Predicted interest rates, GDP changes and inflation are giving little reason to expect that these factors will be compensated for by a general economic upswing, Mr. Ahern added.
He advises trucking companies "to prepare for the unexpected."
Meanwhile the American Trucking Associations (ATA), in its U.S. Freight Transportation Forecast to 2024 report, predicts about 64-percent growth in freight revenue over the next 10 years.
"The trucking industry continues to dominate the freight transportation industry in terms of both tonnage and revenue," said ATA Chief Economist Bob Costello, noting the ATA projects trucking's share of tonnage will rise to 70.8 percent by 2024 from 68.5 percent in 2012.

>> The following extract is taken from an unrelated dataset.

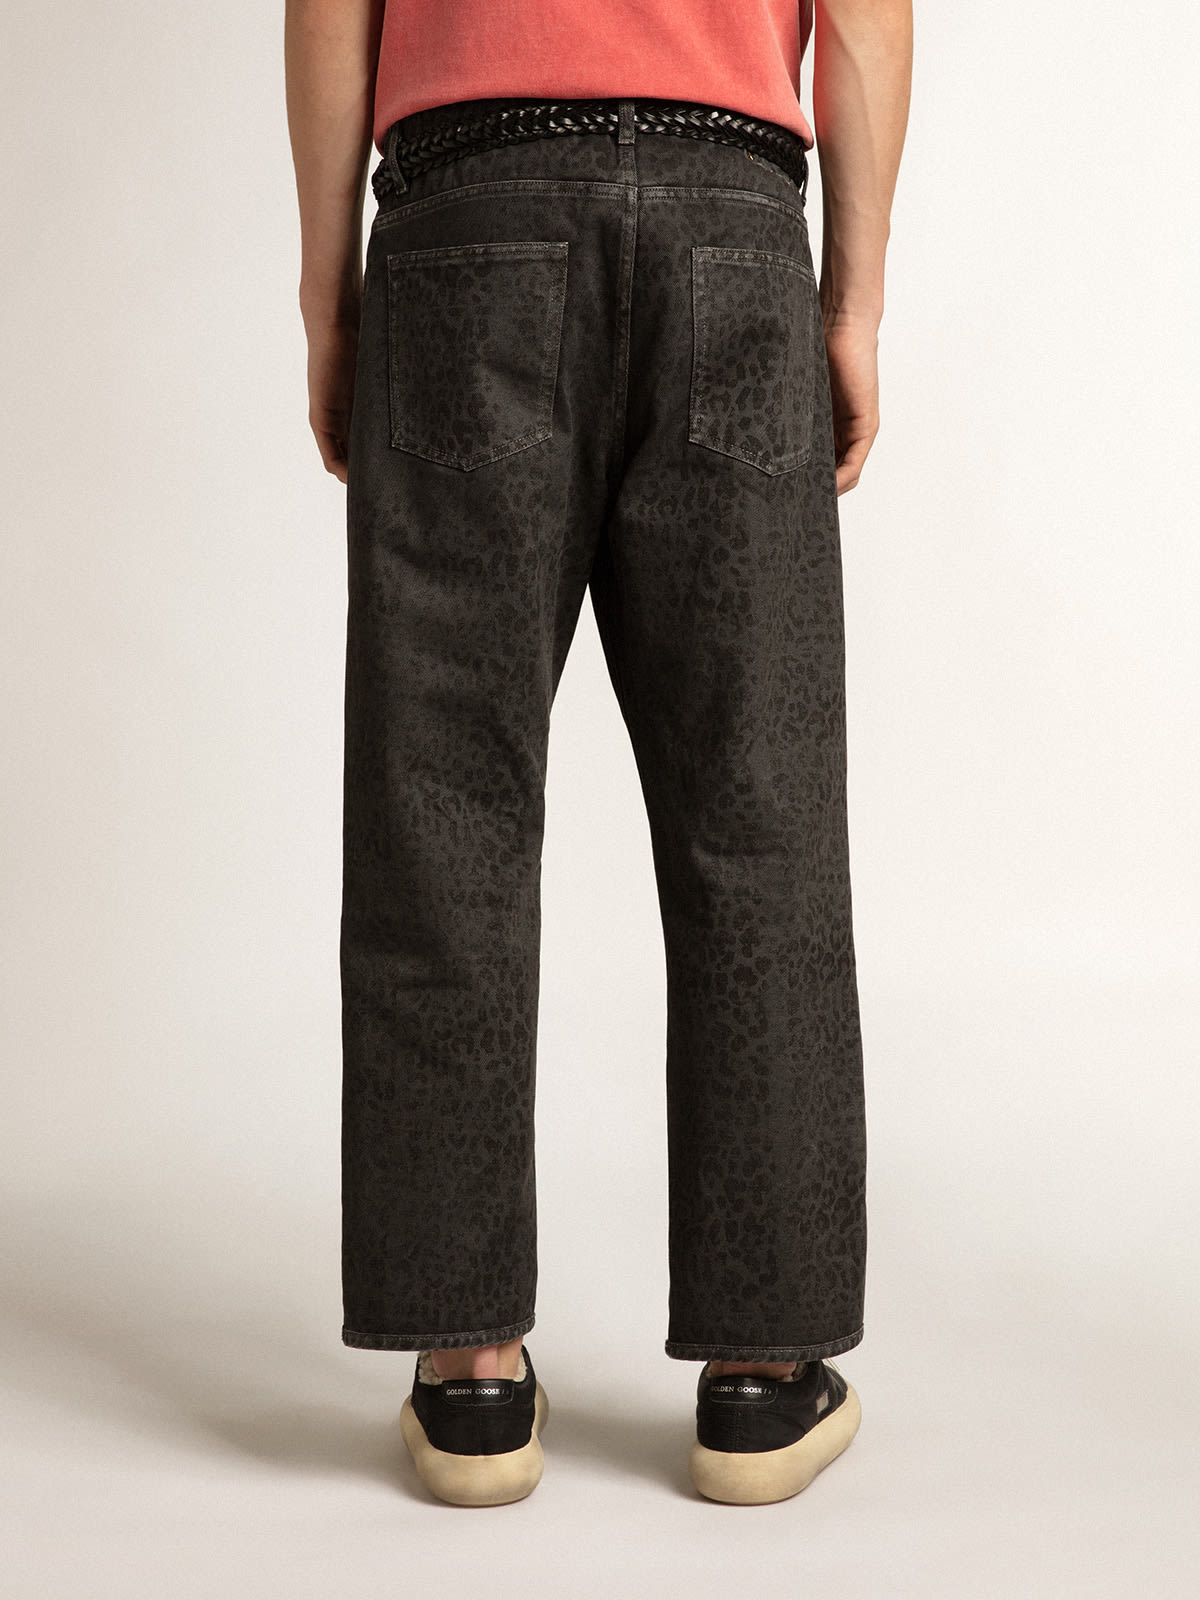 Golden Goose - Men’s gray jeans with leopard print in

Freight revenue is expected to grow by 63.6 percent to $1.3 trillion annually by 2024, and the trucking industry's share of those revenues is predicted to edge up to 81 percent from 80.7 percent in 2012.
Truckload volumes will grow 3.2 percent through 2018 and 1.1 percent annually from 2019 to 2024, according to the ATA. Less-than-truckload volume is predicted to climb 3.5 percent annually through 2018 and by 2.4 percent until 2024.
Conversely, the rail industry is expected to experience anemic growth for rail carloads of just 1.5 percent through 2018 and 0.4 percent from 2019 through 2024, contributing to a decline in market share to 14.2 percent from 14.8 percent in 2011, the ATA predicted.
However, intermodal rail will continue to be the fastest growing freight mode, the ATA said, growing an average of 5.1 percent a year until 2018 then slowing moderately to 4.8 percent annually through 2024.